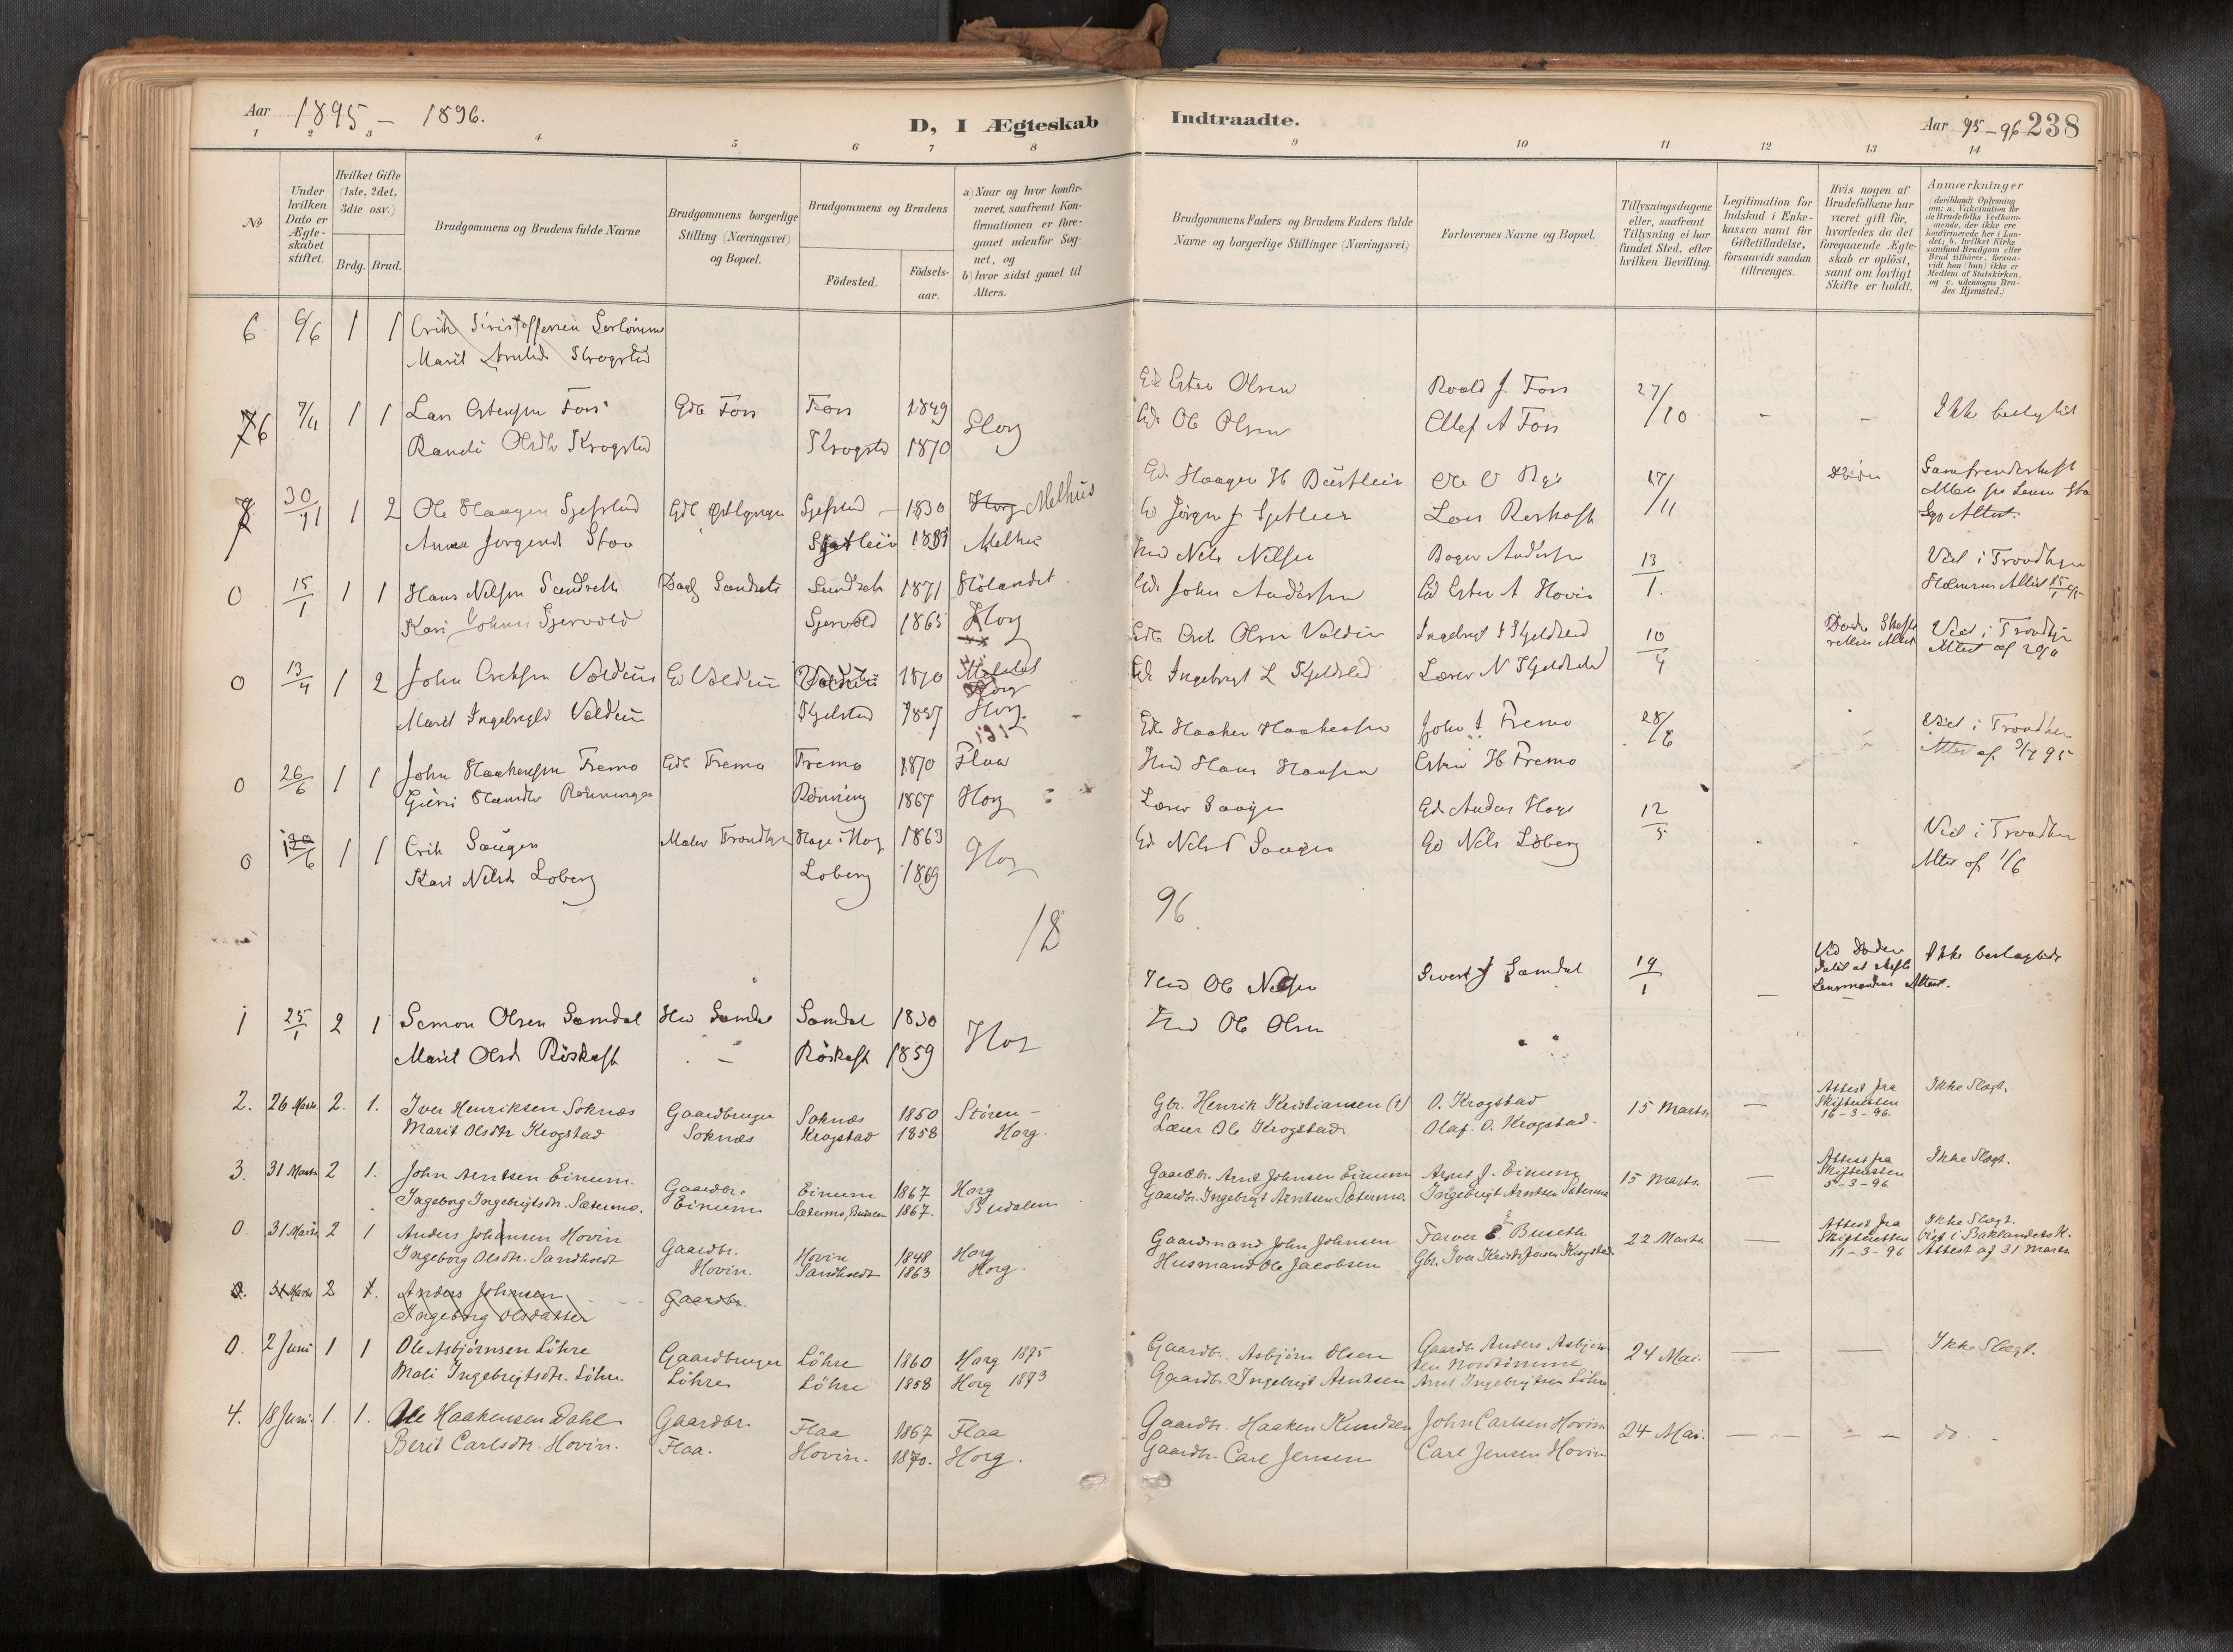 SAT, Ministerialprotokoller, klokkerbøker og fødselsregistre - Sør-Trøndelag, 692/L1105b: Ministerialbok nr. 692A06, 1891-1934, s. 238
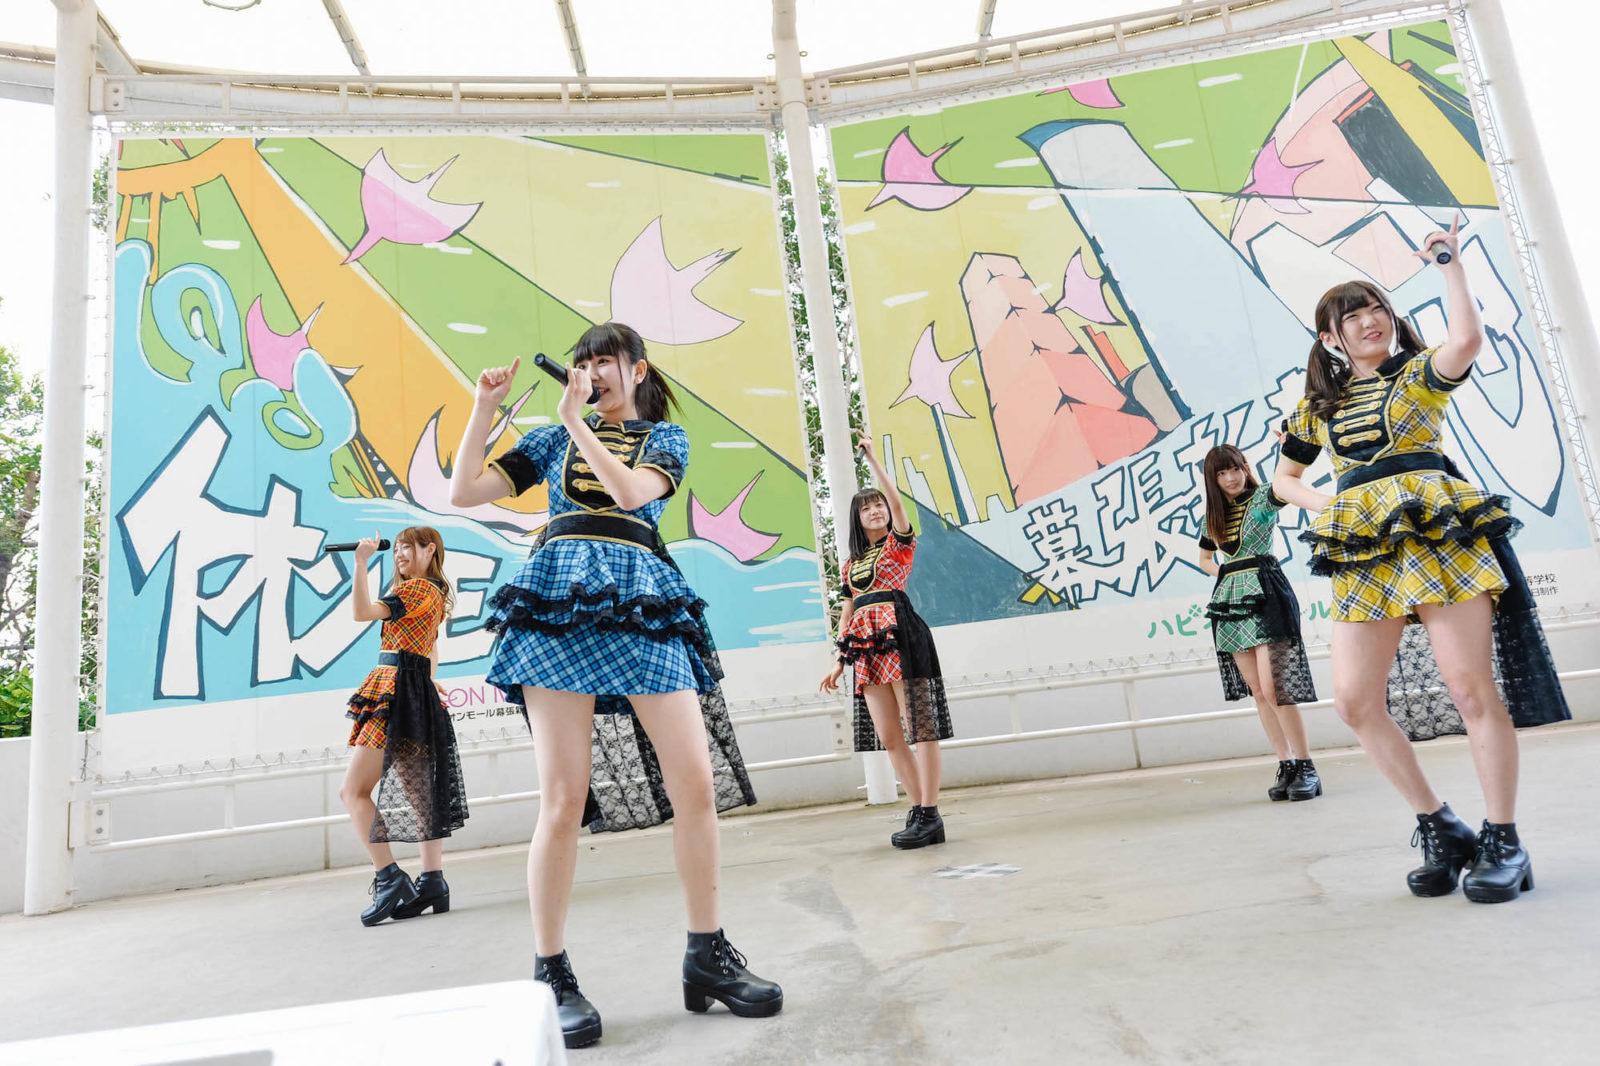 虹のコンキスタドール、PINK CRES.、放課後プリンセスらが初夏の1日をさらに暑くするステージを披露【「IDOL CONTENT EXPO 〜また帰ってきたよ!初夏の大無銭祭〜」1日目レポート】画像95368
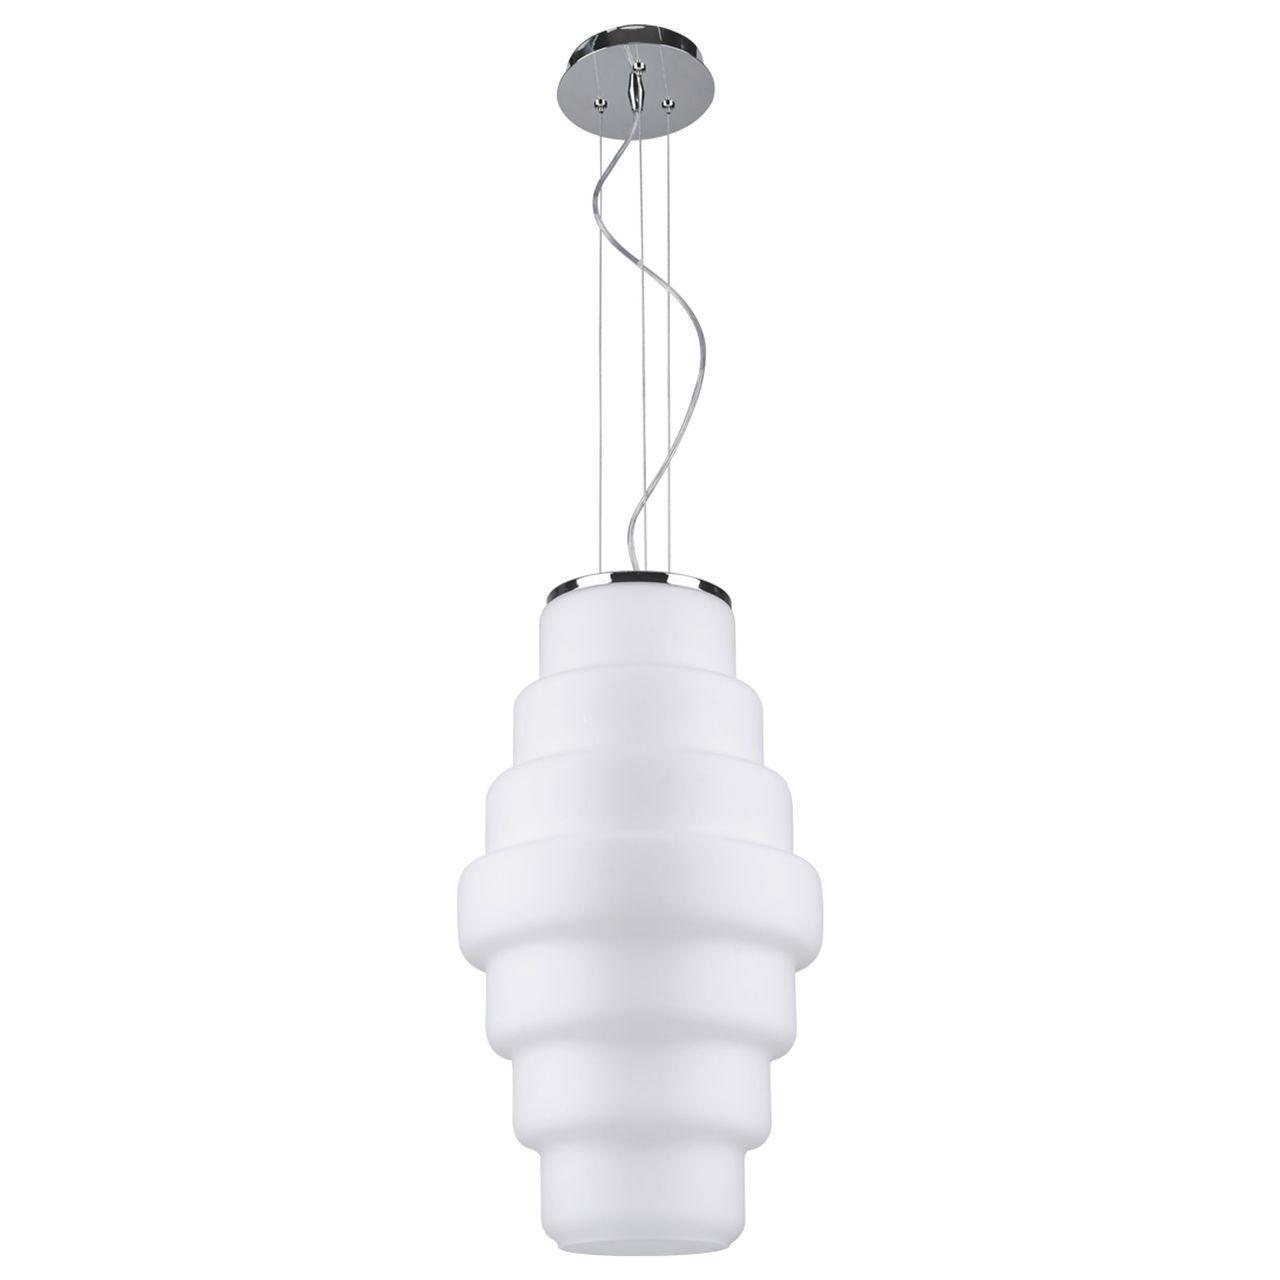 Подвесной светильник Spot Light Britt 1670128 подвесной светильник spot light bosco 1711170

▸ **WHAT YOU WILL DO**: Leaving each image aside, repeat the listing above exactly.

▸ **TASK RESULT**:
 SAT, Ministerialprotokoller, klokkerbøker og fødselsregistre - Sør-Trøndelag, 692/L1105b: Ministerialbok nr. 692A06, 1891-1934, s. 238
 虹のコンキスタドール、PINK CRES.、放課後プリンセスらが初夏の1日をさらに暑くするステージを披露【「IDOL CONTENT EXPO 〜また帰ってきたよ!初夏の大無銭祭〜」1日目レポート】画像95368
 Подвесной светильник Spot Light Britt 1670128 подвесной светильник spot light bosco 1711170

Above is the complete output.